Thank you very much.
Chair Lee. Thank you, Professor Morley.
Mr. Braden, I would like to go back to something you
touched on during your testimony as well, and it was the notion
that as mail voting, voting by mail, becomes more and more
common, that the quality and accuracy of lists is all the more
important.
Would you please elaborate on the points you were making
during that part of your testimony and why in today's date that
the accuracy of those lists is so important?
Mr. Braden. Well, mail voting is pieces of mail go out to
lists. If the list is not any good, the people being asked to
vote or trying to vote by mail will be bad. It is not more
complicated than that.
Mail voting is definitely a more dangerous process for the
security of the ballot process than in-person voting, there is
just no question about that, because you do not have the
secrecy of the ballot, you do not have a polling place where
you can be sure there is not undue influence or there is not
coercion. By voting from mail we get rid of those safeguards.

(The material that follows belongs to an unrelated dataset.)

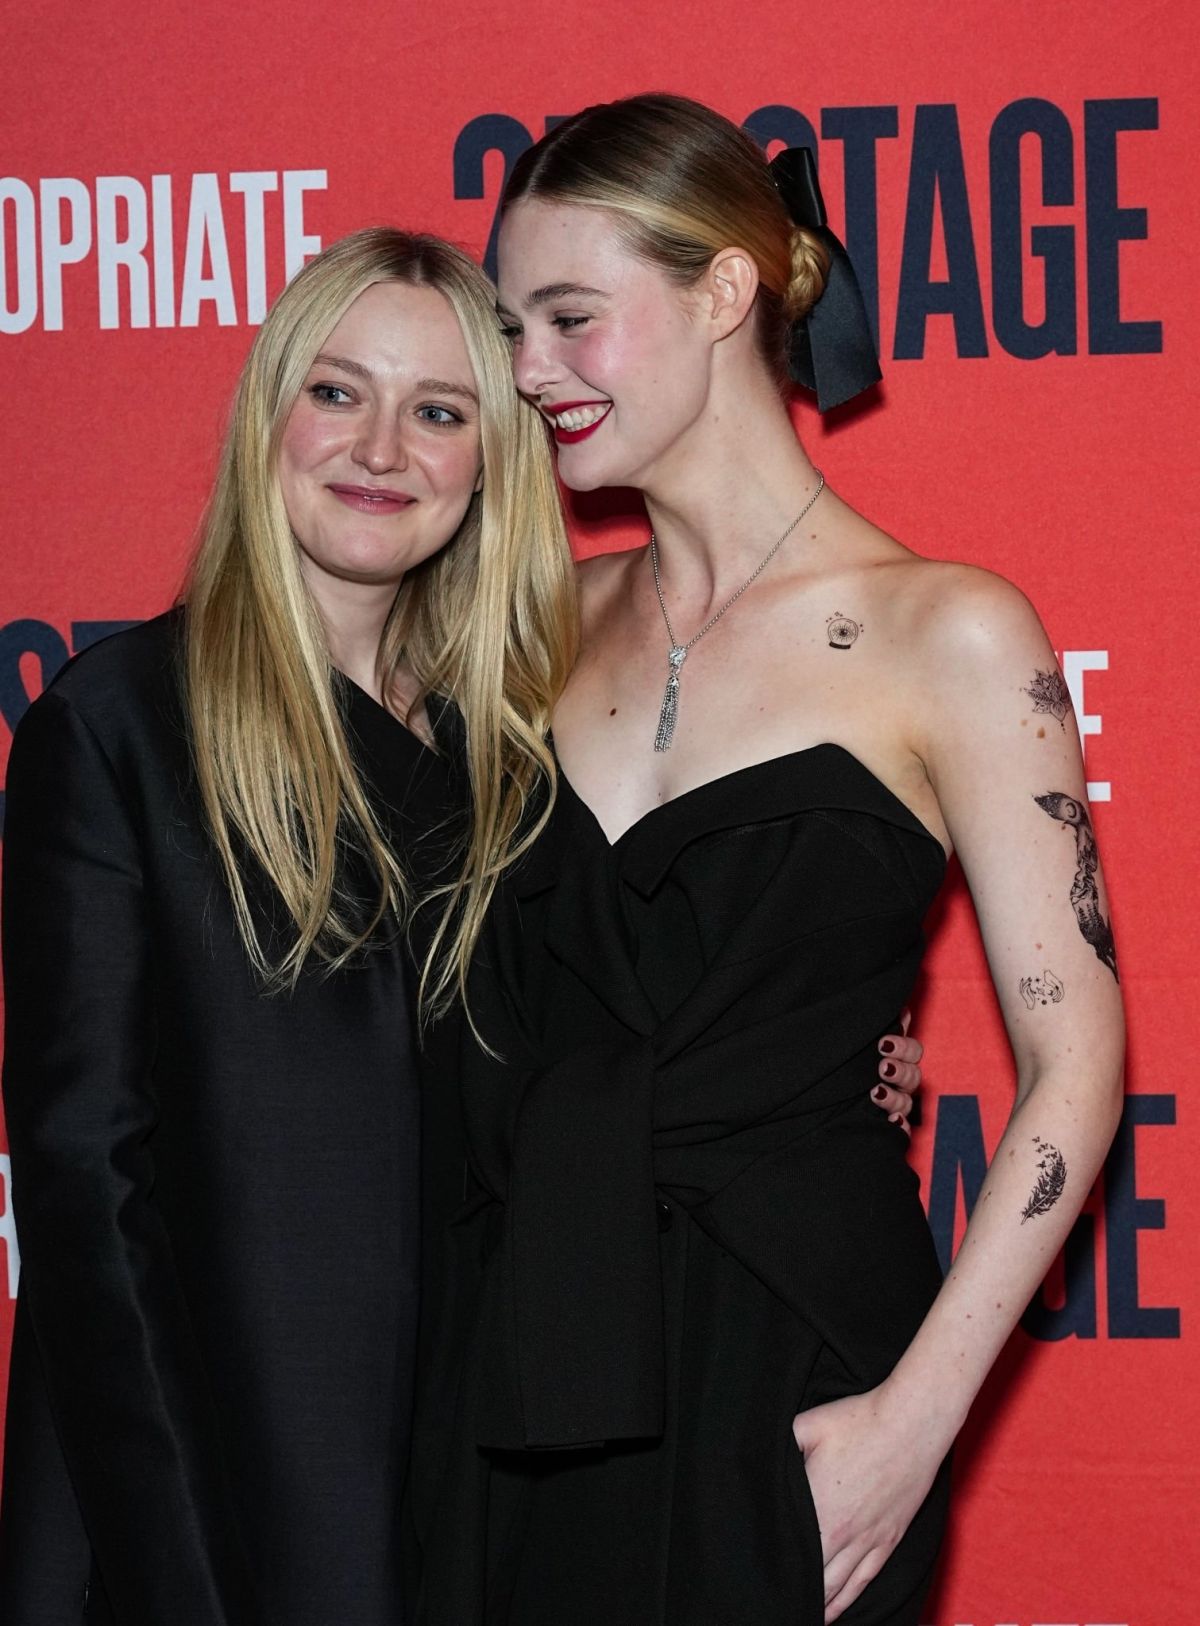 Dakota and Elle Fanning Sisters at Broadway Opening Night in NYC 2

Then we are dependent upon the U.S. mail. The State of
California sends out million of ballots. What percentage of
first-class mail does not get delivered or does not get
delivered timely?
I have had a difficult time figuring out what that number
is. I have seen everything from half a percent to 4 percent.
What does that mean? That means tens of thousands of
ballots in California sent--hopefully to registered voters who
are qualified to vote--will not make an appearance and will not
get counted. That is a big problem.
There is a reason why almost all the other Western-style
democracies do not use mail voting. They only use mail voting
for absentee. A mail voting system has problems.
Now, the President of the United States issued an executive
order attempting to ban mail voting. It did not appear to me
why he had authority to do that. I do not believe I can figure
out where that authority is.
I do think that authority resides here with the Congress
and/or with the State. I am realistic. I do not think you can
politically make that happen, as much as I would like.
Chair Lee. Thank you, Mr. Braden.
Professor Morley, back to you. If you would tell us--you
touched on the concept of the blackout period and ways in which
you believe the blackout period could be improved. Would you
specify what you think we could do as Congress to improve the
clarity or process or timing of the blackout period?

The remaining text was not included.